Alcaparrosa

Location
- Location: Tierra Amarilla, Atacama Region, Chile; 27°27′55.25″S 70°16′31.39″W﻿ / ﻿27.4653472°S 70.2753861°W;

Production
- Products: Copper

Owner
- Company: Minera Ojos del Salado Lundin Mining (80%); Sumitomo Group (20%);

= Alcaparrosa =

Copper mine in Chile

The Alcaparrosa is an underground copper mine located in the Copiapó Valley of northern Chile. More precisely it lies in the inland commune of Tierra Amarilla in the Atacama Region. The mine is owned by the Sociedad Contractual Minera Minera Ojos del Salado which is owned in 80% by Lundin Mining and in 20% by Sumitomo Group. The life of mine ore grade of Alcaparrosa was estimated at 0.94% copper as of 2016.
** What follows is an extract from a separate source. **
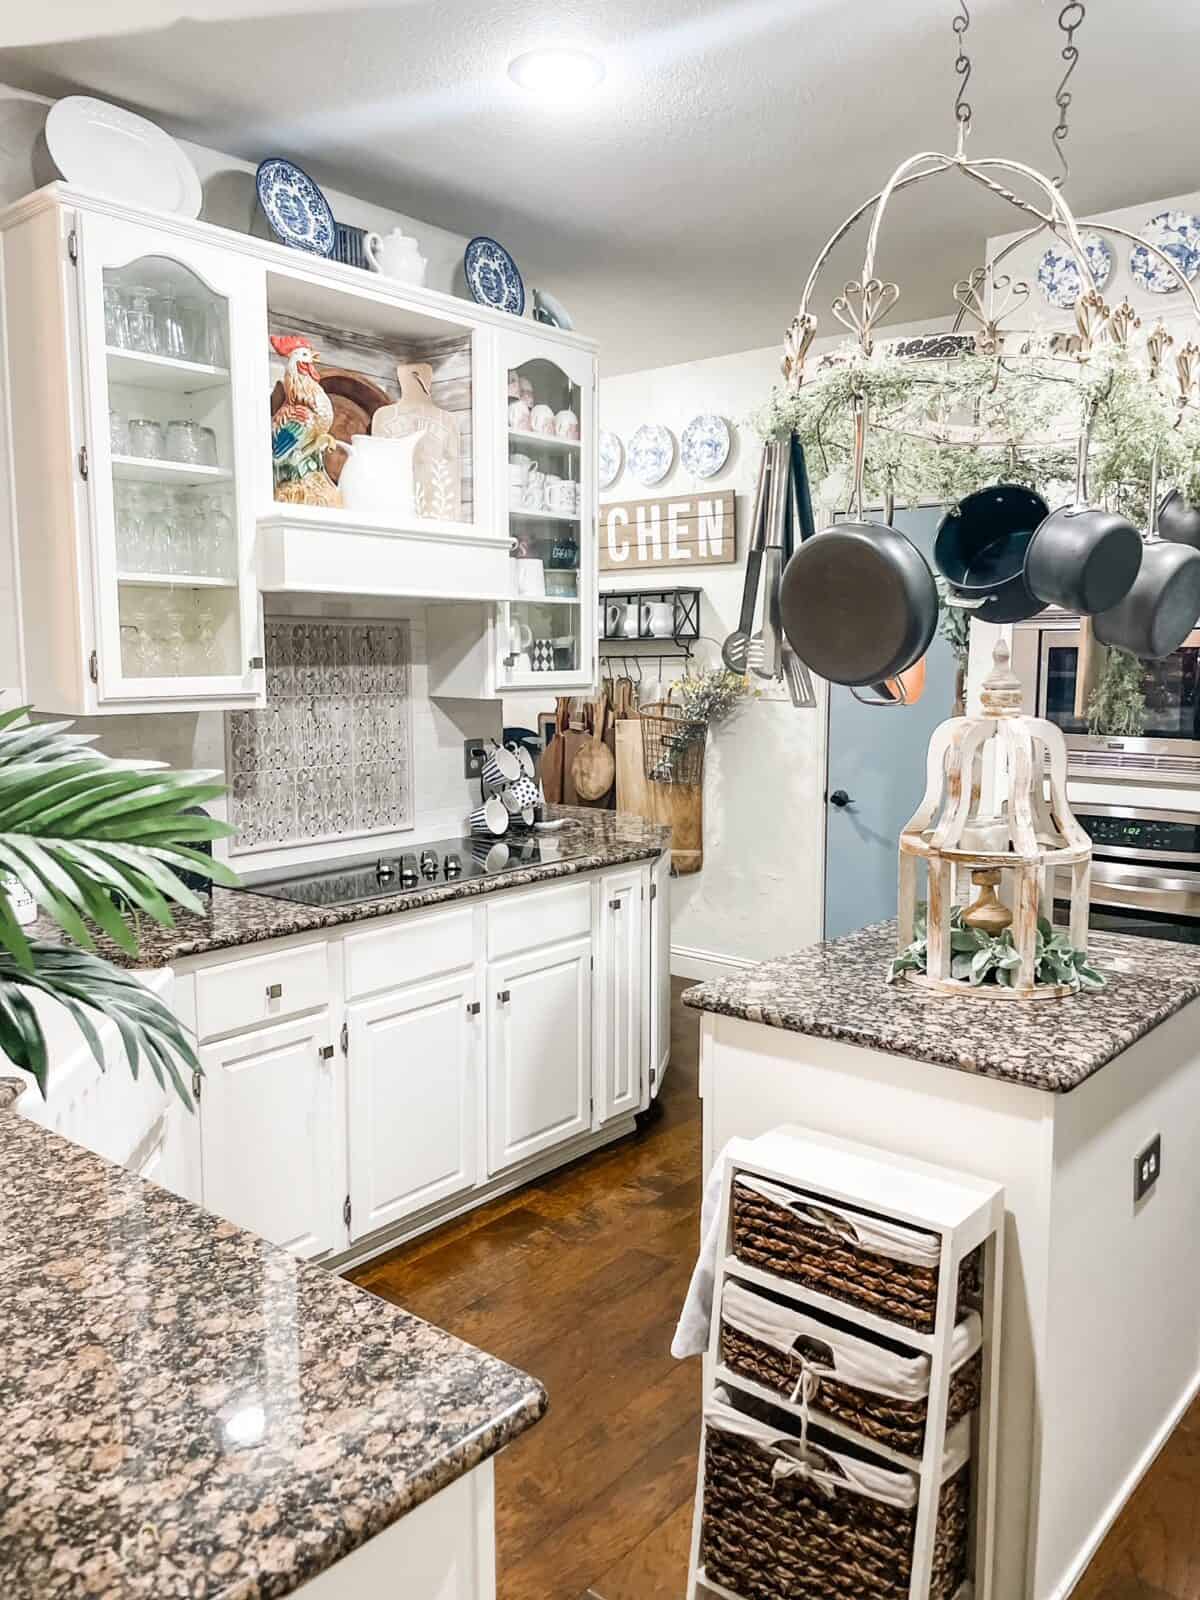 Kitchen Must-Haves in 2023 - Creeds Direct Blog Post
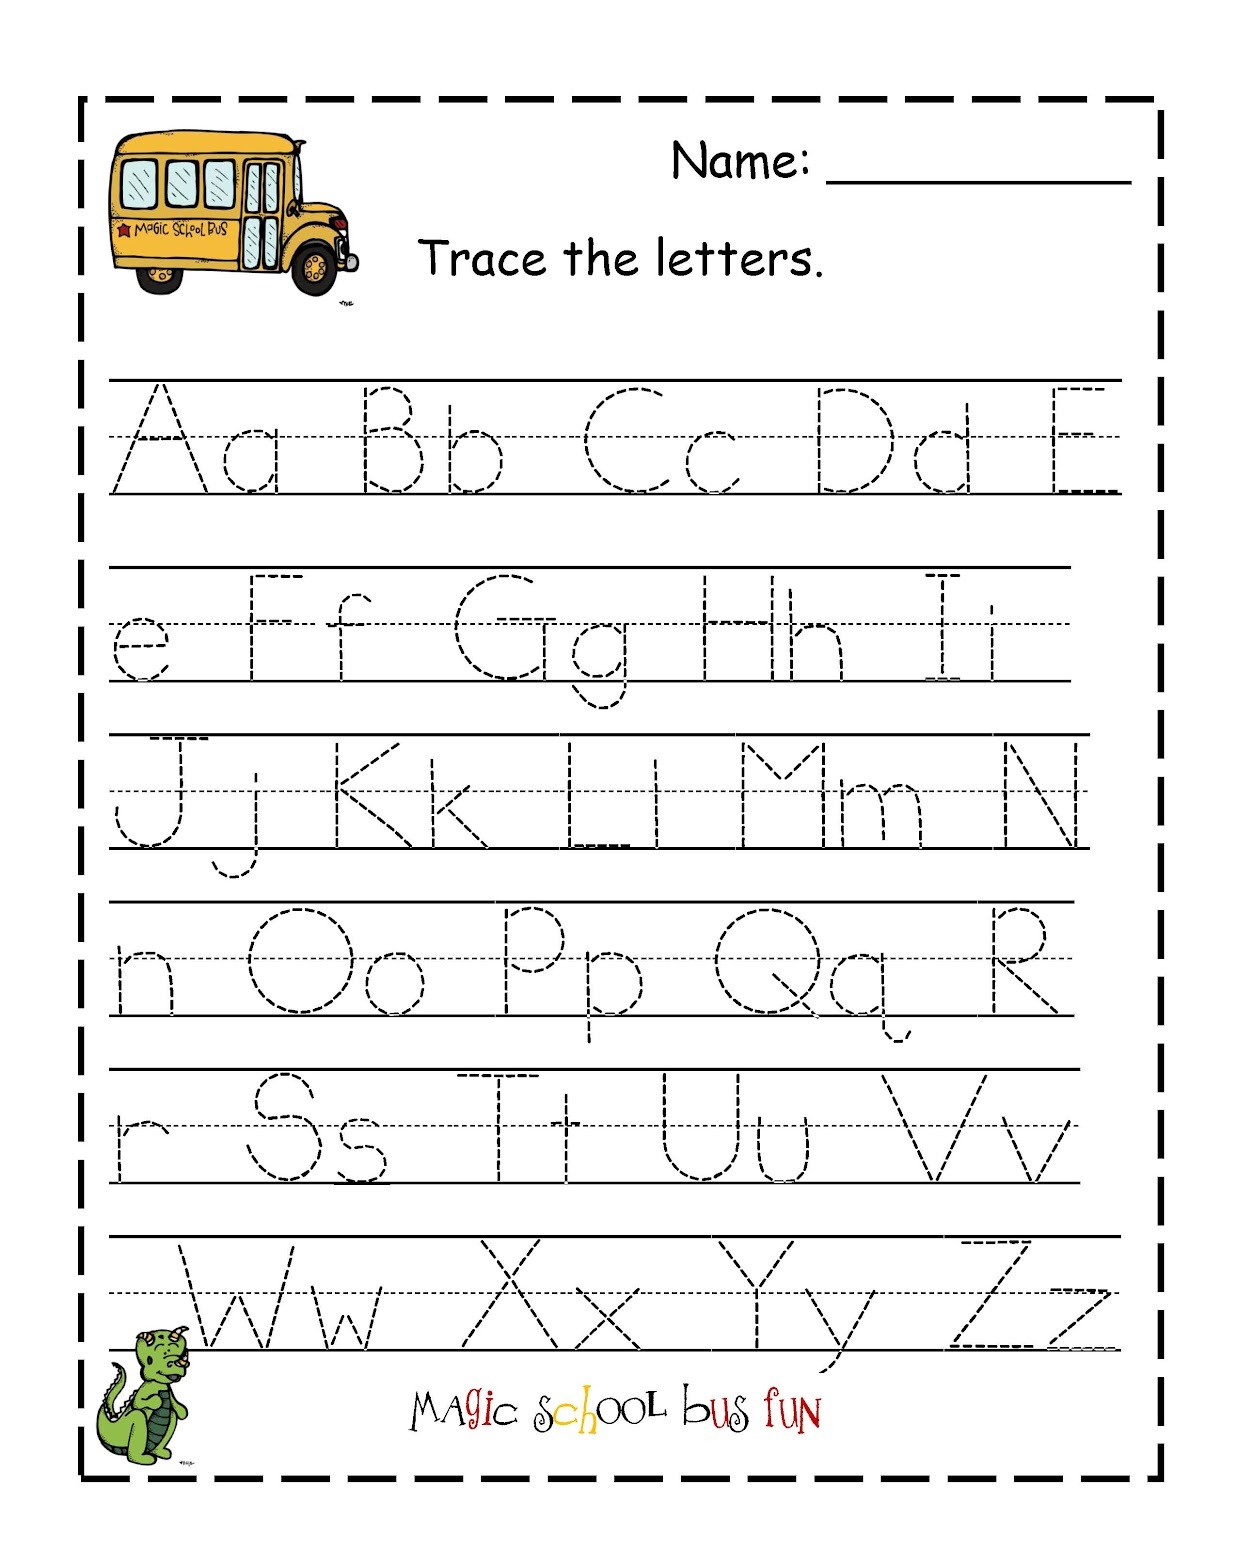 abcd-tracing-worksheet-alphabetworksheetsfreecom-traceable-letter-worksheets-to-print-activity

In July 30 2022 a "non-natural hydraulic connection" between the mine and a local aquifer that had formed as consequence of mining activity caused the formation of a 32x33 m wide and 64-m deep sinkhole in a nearby agricultural field. As consequence of this Consejo de Defensa del Estado sued Minera Ojos del Salado and in September 2025 the First Environmental Court of Antofagasta ordered its closure. The court also ordered the sinkhole to be filled.